== Segment start ==
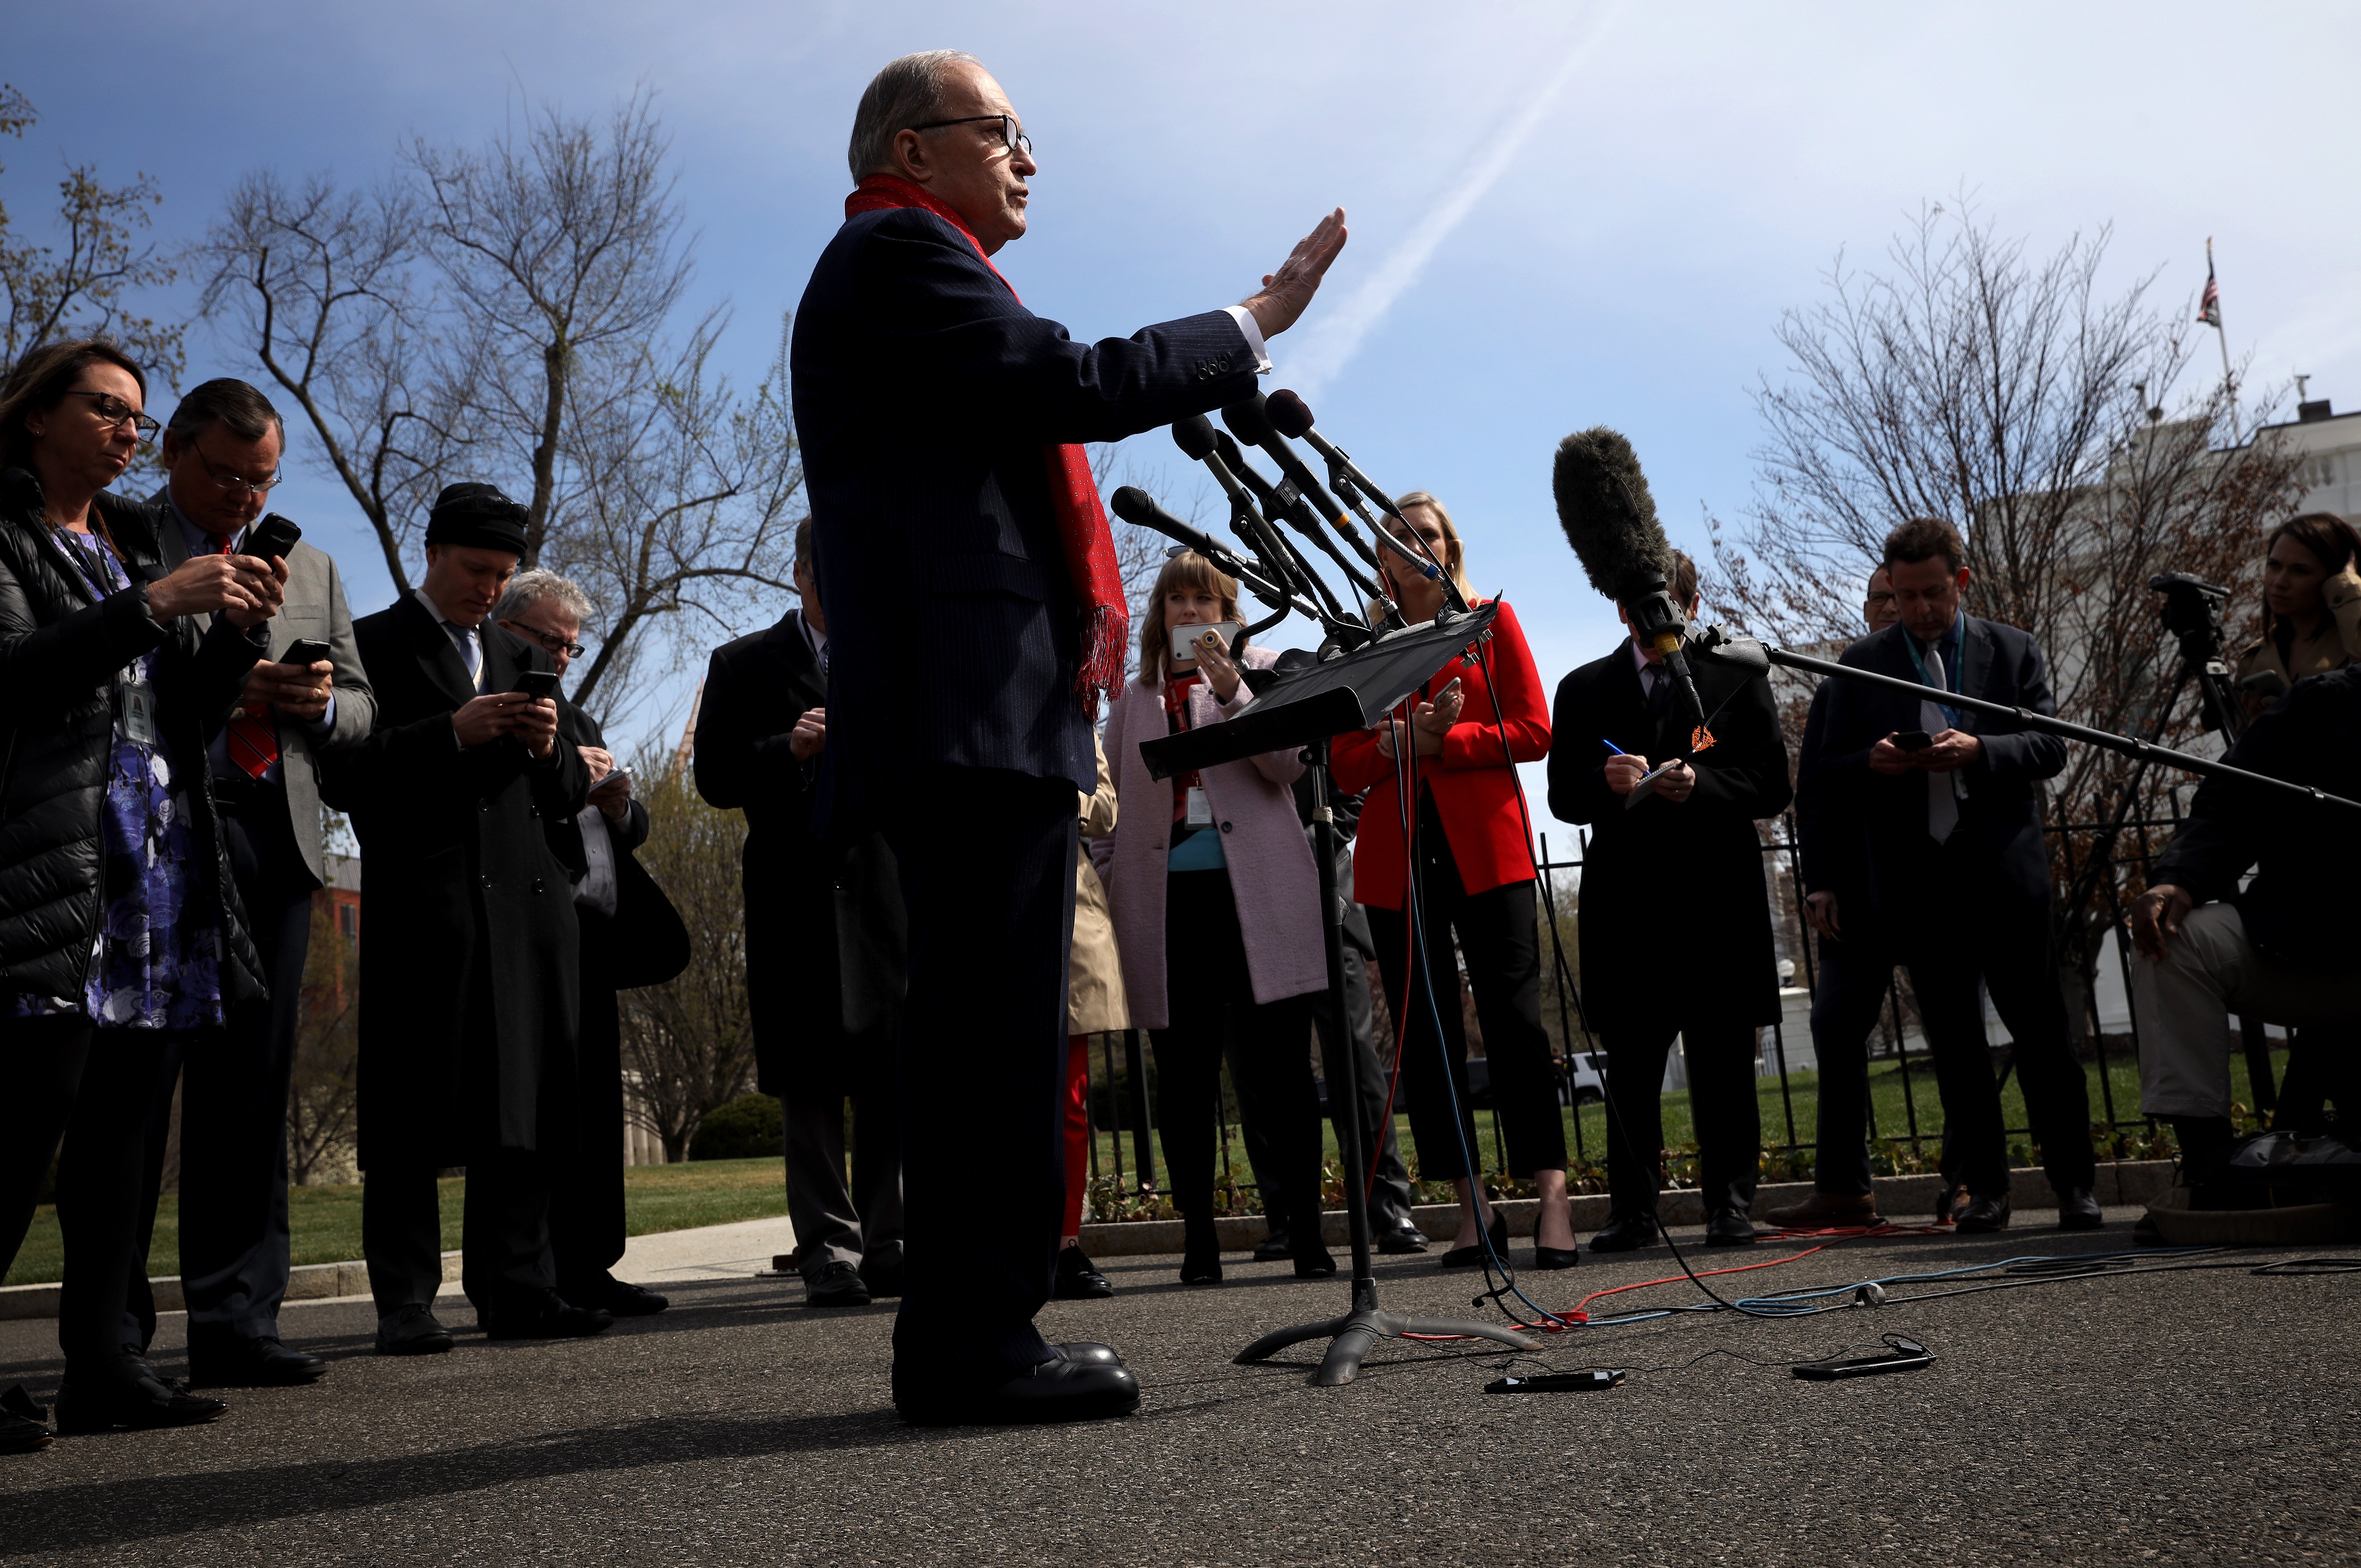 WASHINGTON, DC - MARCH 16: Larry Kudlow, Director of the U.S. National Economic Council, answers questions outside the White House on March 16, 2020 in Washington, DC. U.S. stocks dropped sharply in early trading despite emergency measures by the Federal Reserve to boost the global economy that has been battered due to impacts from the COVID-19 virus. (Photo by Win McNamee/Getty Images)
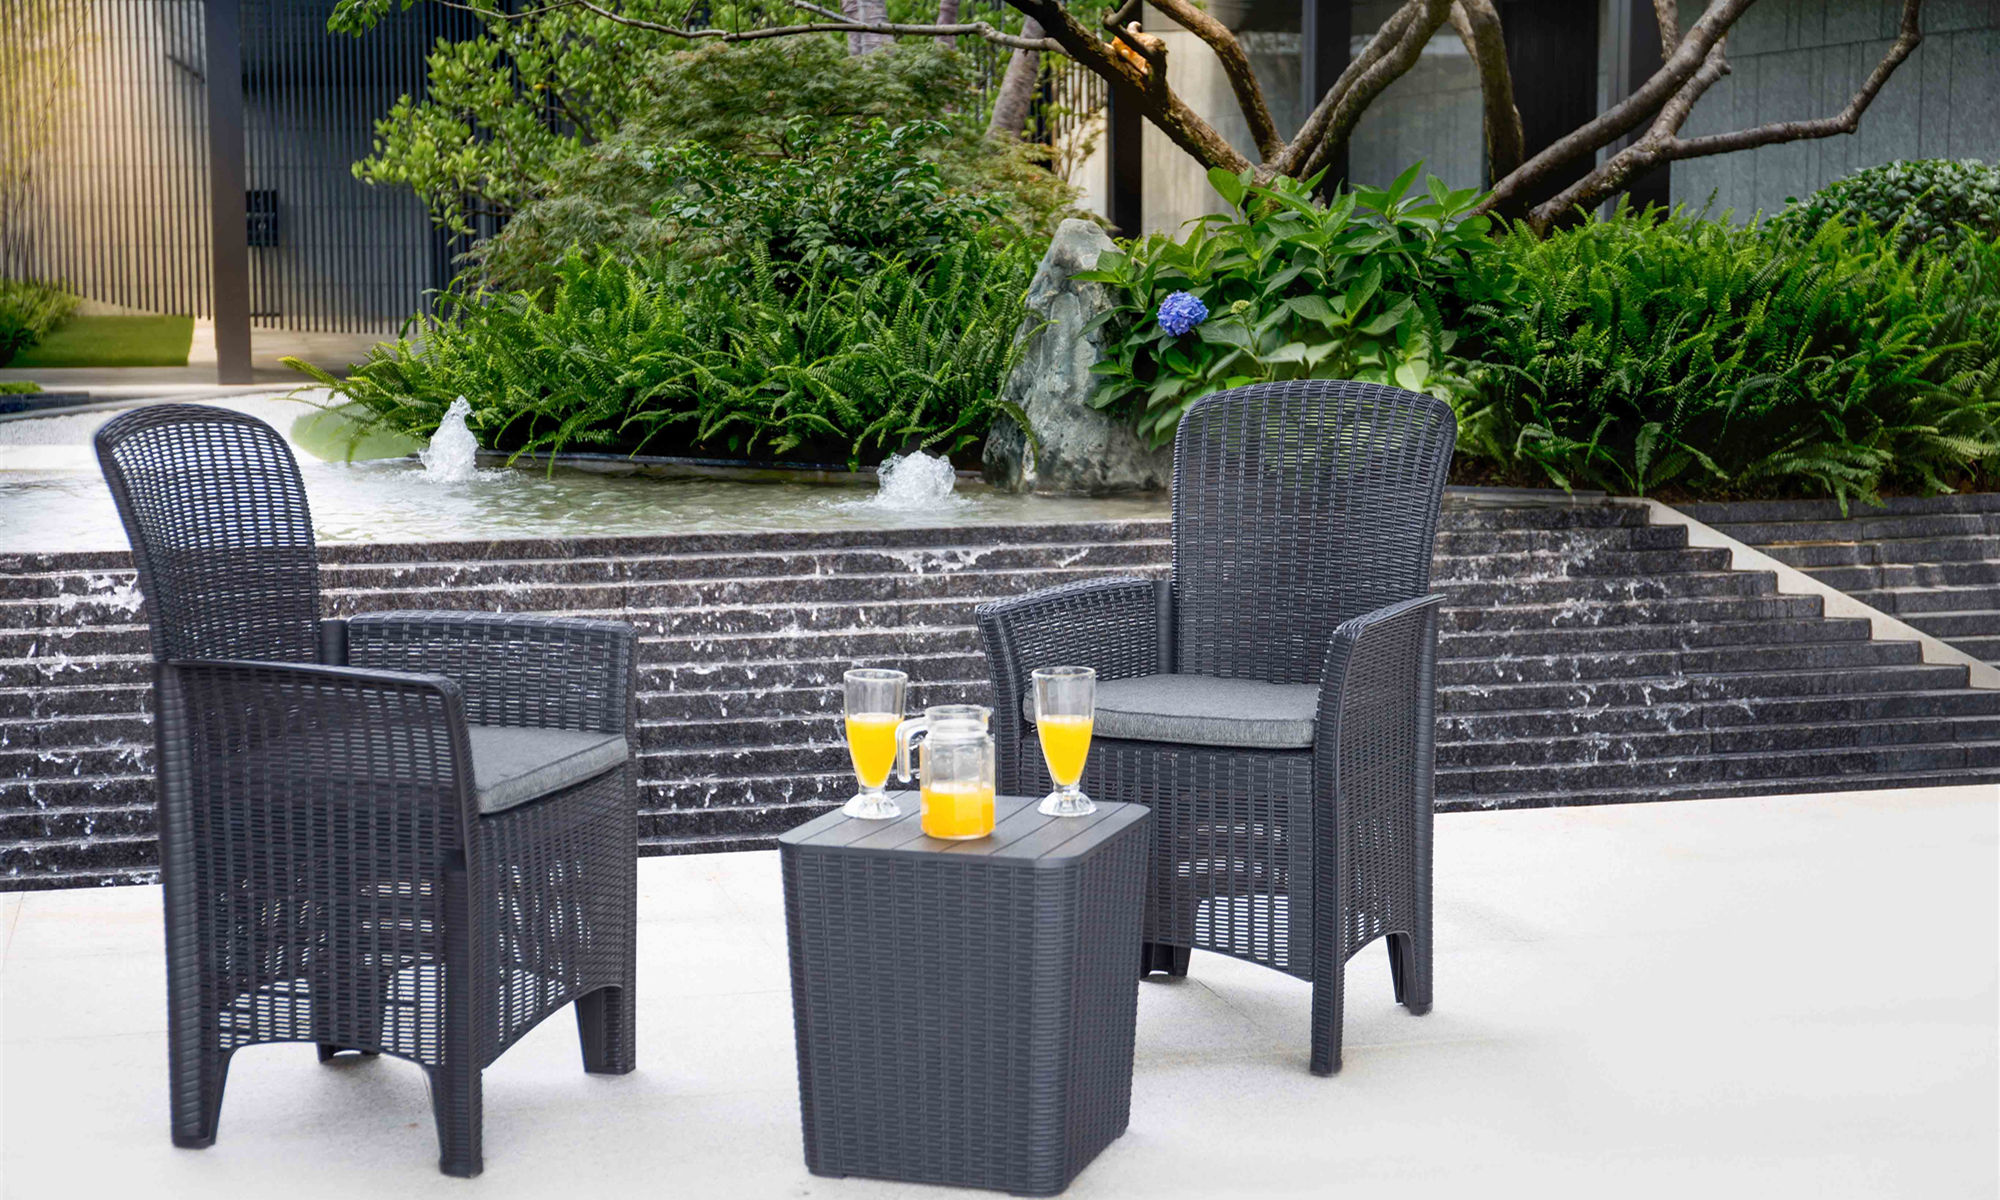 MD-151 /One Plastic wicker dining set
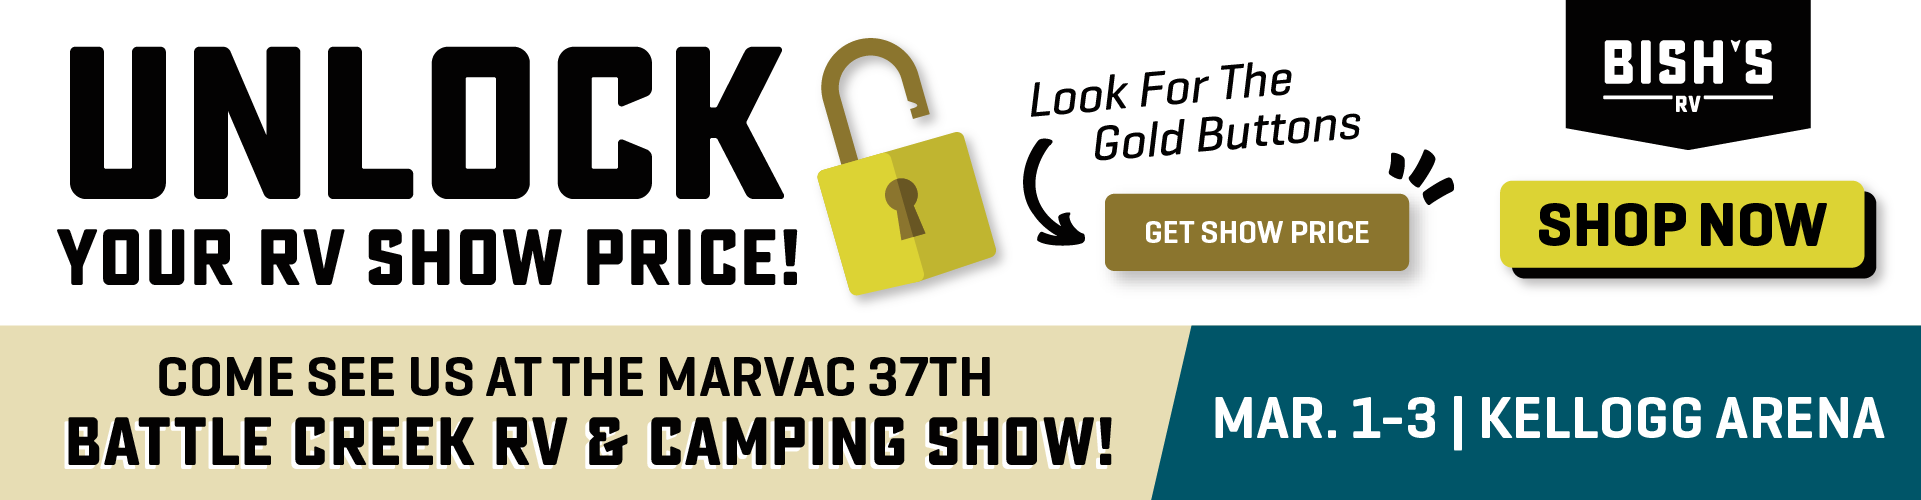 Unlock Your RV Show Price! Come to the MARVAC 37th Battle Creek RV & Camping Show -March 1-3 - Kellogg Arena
== Segment end ==
## Work required:
Minus its pictures, the full listing should be copied verbatim.

## Answer box:
 WASHINGTON, DC - MARCH 16: Larry Kudlow, Director of the U.S. National Economic Council, answers questions outside the White House on March 16, 2020 in Washington, DC. U.S. stocks dropped sharply in early trading despite emergency measures by the Federal Reserve to boost the global economy that has been battered due to impacts from the COVID-19 virus. (Photo by Win McNamee/Getty Images)
 MD-151 /One Plastic wicker dining set
 Unlock Your RV Show Price! Come to the MARVAC 37th Battle Creek RV & Camping Show -March 1-3 - Kellogg Arena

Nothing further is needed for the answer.